Yes, IMO she is too young. My daughter has two. One is only taught ground manners at this time. Shiloh will be two in June. We will start him ground driving this summer but he will not be hitched until he is three and only than if he has grown a lot! He is a very small little guy and we may not do anymore with him than a few jumping classes, halter and in hand trail.

We have Chance who is 32" and I think he is 4 would have to pull his papers. He will be taught driving this year (we just bought him) shown in halter, in hand trail and he will be taught to jump as well.


----------



## SpiritedLittleCopperSpots (Mar 4, 2010)

I agree...
You could start training when your mini turns two.
I don't think you can do too much ground work, ground driving, it will only benefit you and your mini. It will help get your mini conditioned and build confidence.
You could also ground drive and use a travois to get your mini use to the sight, sounds and feel of the shafts and some thing being pulled...

Wait until three to actually hook a mini up to a cart and expect them to pull any weight. Their bones, tendons, ligaments need to be mature enough, other wise you could cause damage.

Then prepare to have FUN! Driving is a blast!


----------



## SpiritedLittleCopperSpots (Mar 4, 2010)

I finally got my computer back from repair with all my pics on it, so I thought I'd show you the travois my hubby made from PVC pipe, and also our training chariot.
Of course you would not want to put any weight on the chariot either until your mini is mature enough....

Just thought it might help give you some ideas. :wink:


----------



## furryfriendshelter (Dec 1, 2010)

That's a great idea. Will have to show my husband and see if he will build me one!


----------



## SpiritedLittleCopperSpots (Mar 4, 2010)

Oh, forgot to say that the chariot is just made out of heavy conduit pipe.
So both items are really inexpensive to build.....

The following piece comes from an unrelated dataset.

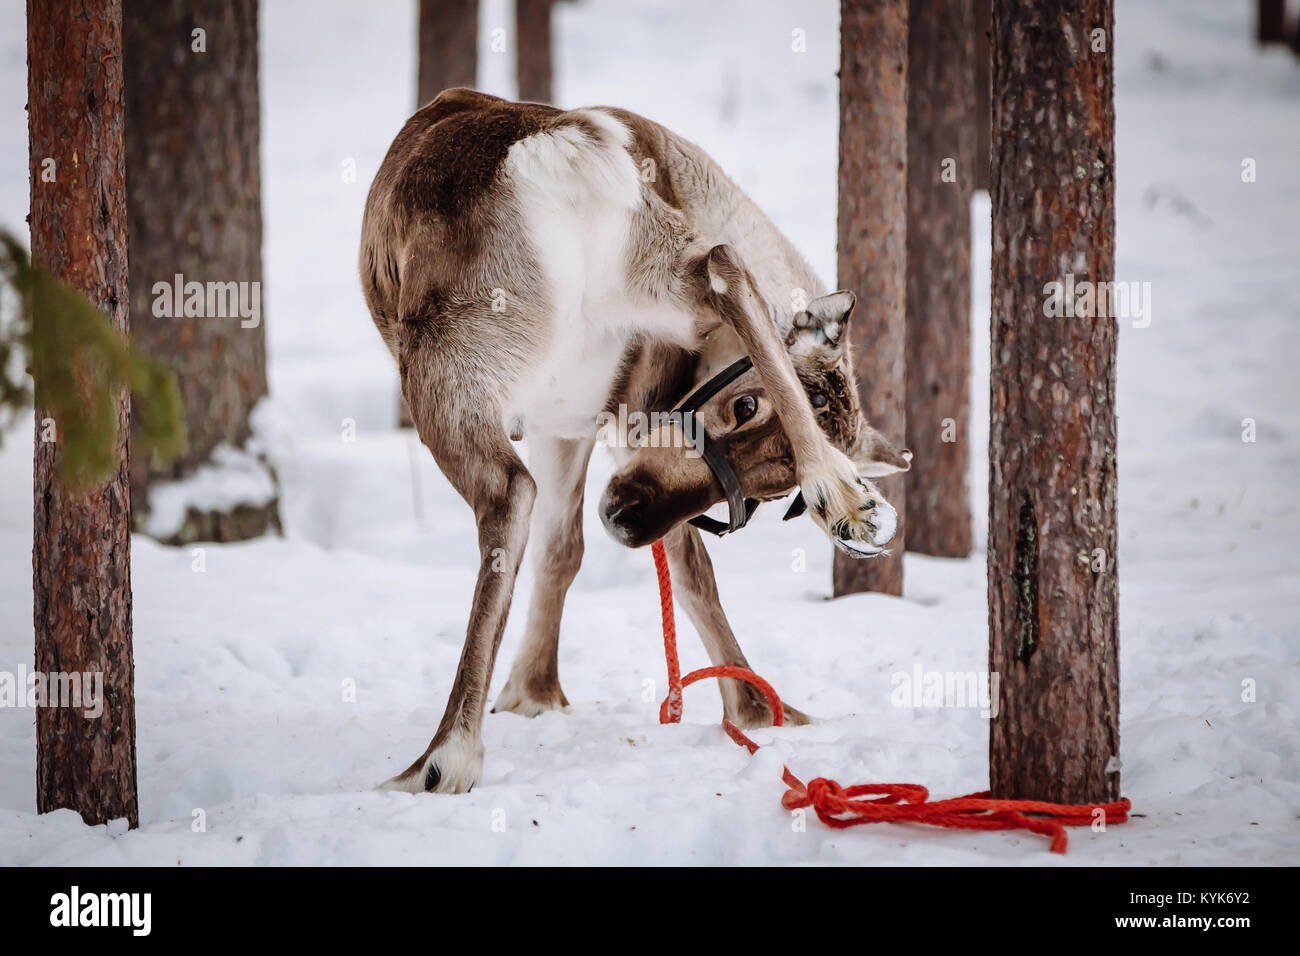 Le renne est un des symboles de la Laponie finlandaise. Levi. Banque D'Images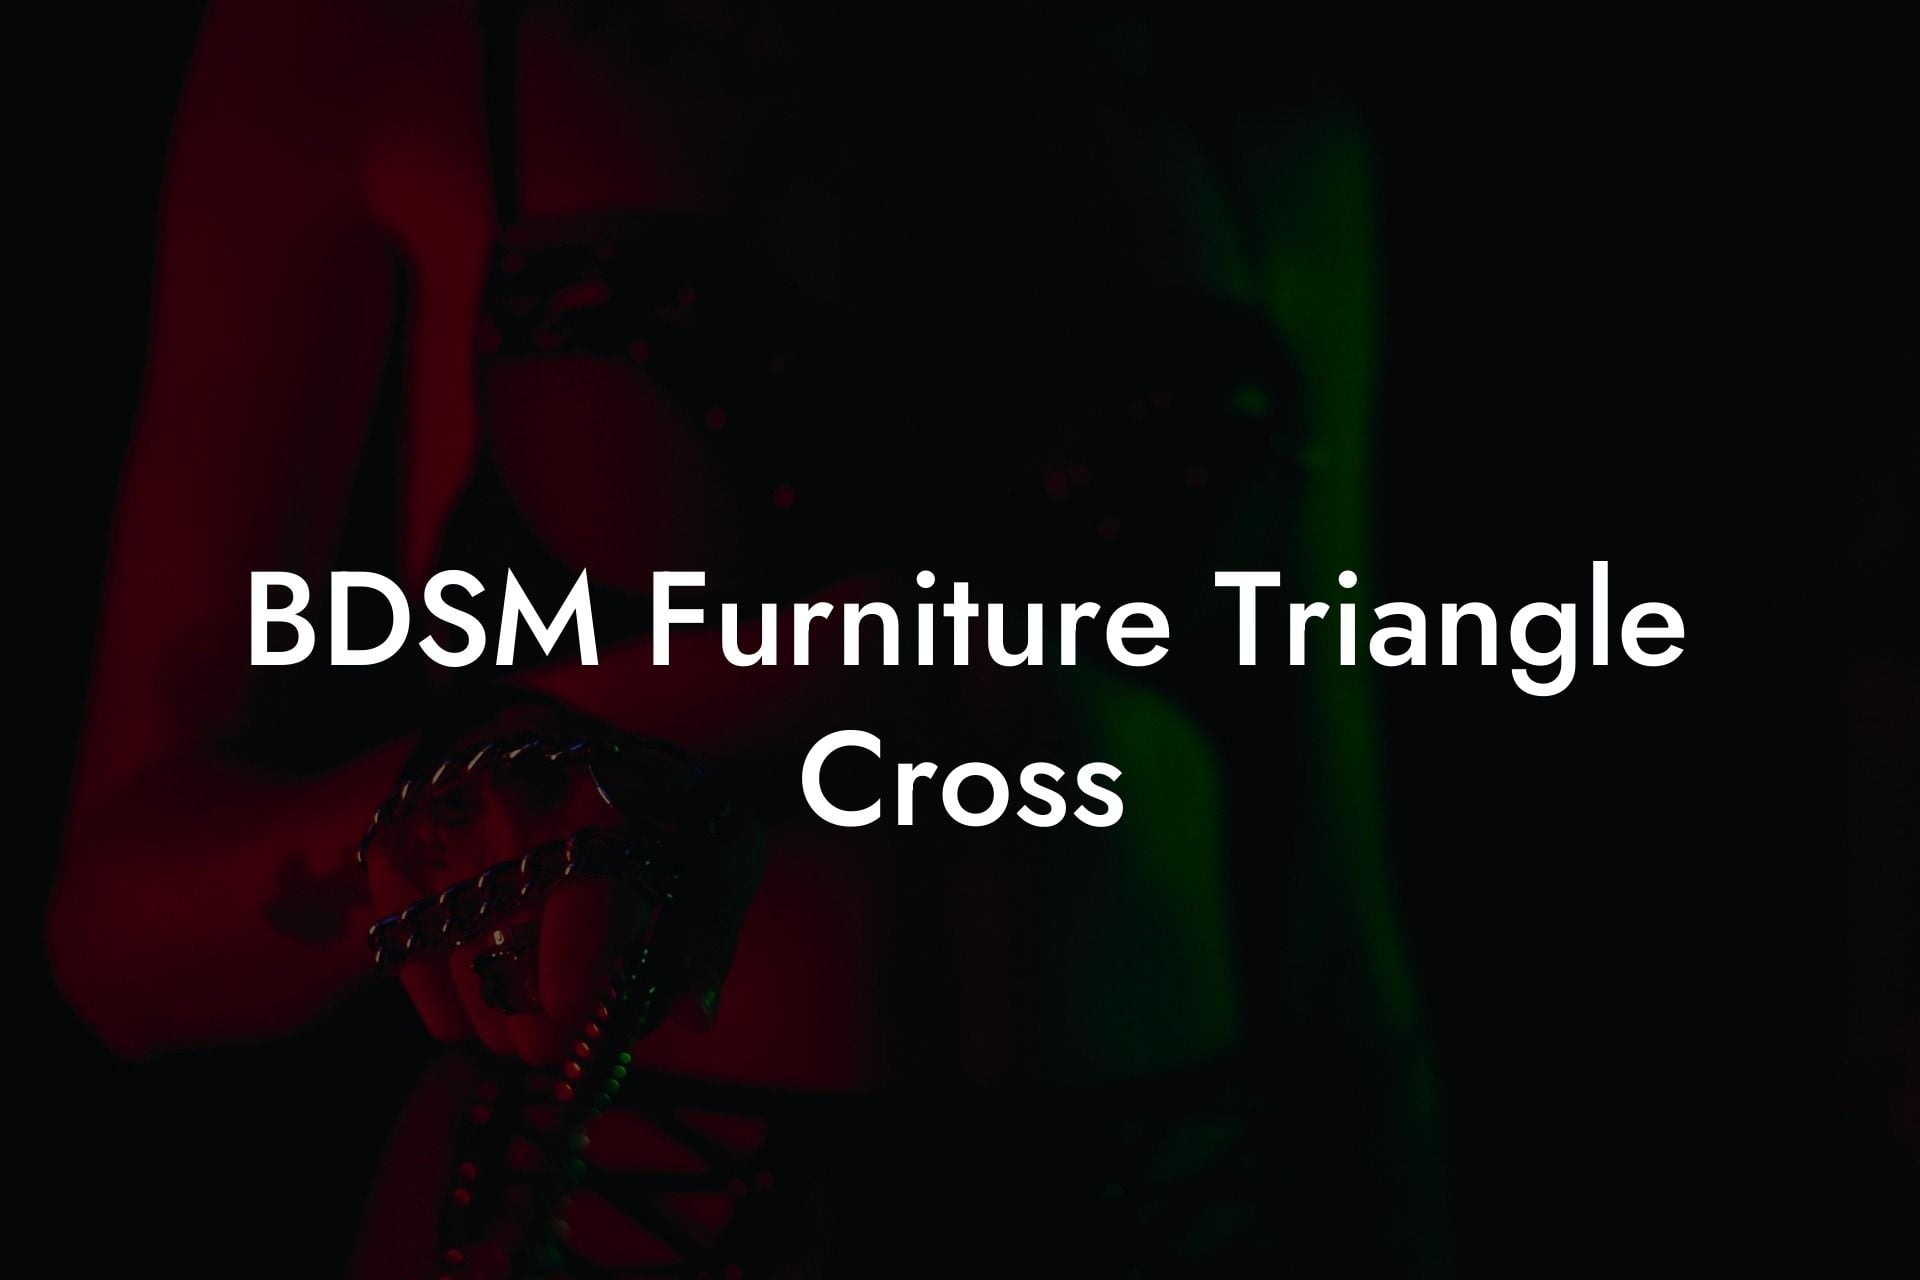 BDSM Furniture Triangle Cross

If you should need any details on either of them, please feel free to pm or email me either one, would be happy to answer any questions you might have!


----------



## Reiterin (Mar 28, 2010)

That chariot is so cute. =)


----------



## equiniphile (Aug 16, 2009)

Start ground driving him so he's all ready when he's old enough to cart-train. You could also round pen him over ground poles to work on his hoof placement, just for something to do


----------



## SpiritedLittleCopperSpots (Mar 4, 2010)

Reiterin said:


> That chariot is so cute. =)



 Thank you!
Sure helps to have a handy hubby who doesn't mind "indulging" his silly wife.....

.


----------



## Gus (Oct 22, 2010)

I love the chariet as well! Driving definately, if you have a kid small enough riding, circus  (rearing), they are also used for people they are replacing dogs (so I hear, but theya are very popular) definately driving though


----------



## monkeyleap (Dec 16, 2010)

How _do _you build a homemade mini cart?


----------



## SpiritedLittleCopperSpots (Mar 4, 2010)

monkeyleap said:


> How _do _you build a homemade mini cart?


Are you interested in building one?
My hubby also designed and built me a custom cart.
You need to know how to weld, or have some one who does. I could get some instructions from the hubby if you are really interested.
Or, he could possibly make one for you.

Here are some "in the making" pics I was able to dig up.
And one of the finished product. (and before any one says anything, yes, I know the shafts should of been angled upward a bit more....)


----------



## CheyAut (Nov 26, 2008)

Balance is so very important, it really would be better for you to buy one vs trying to make one.


----------



## SpiritedLittleCopperSpots (Mar 4, 2010)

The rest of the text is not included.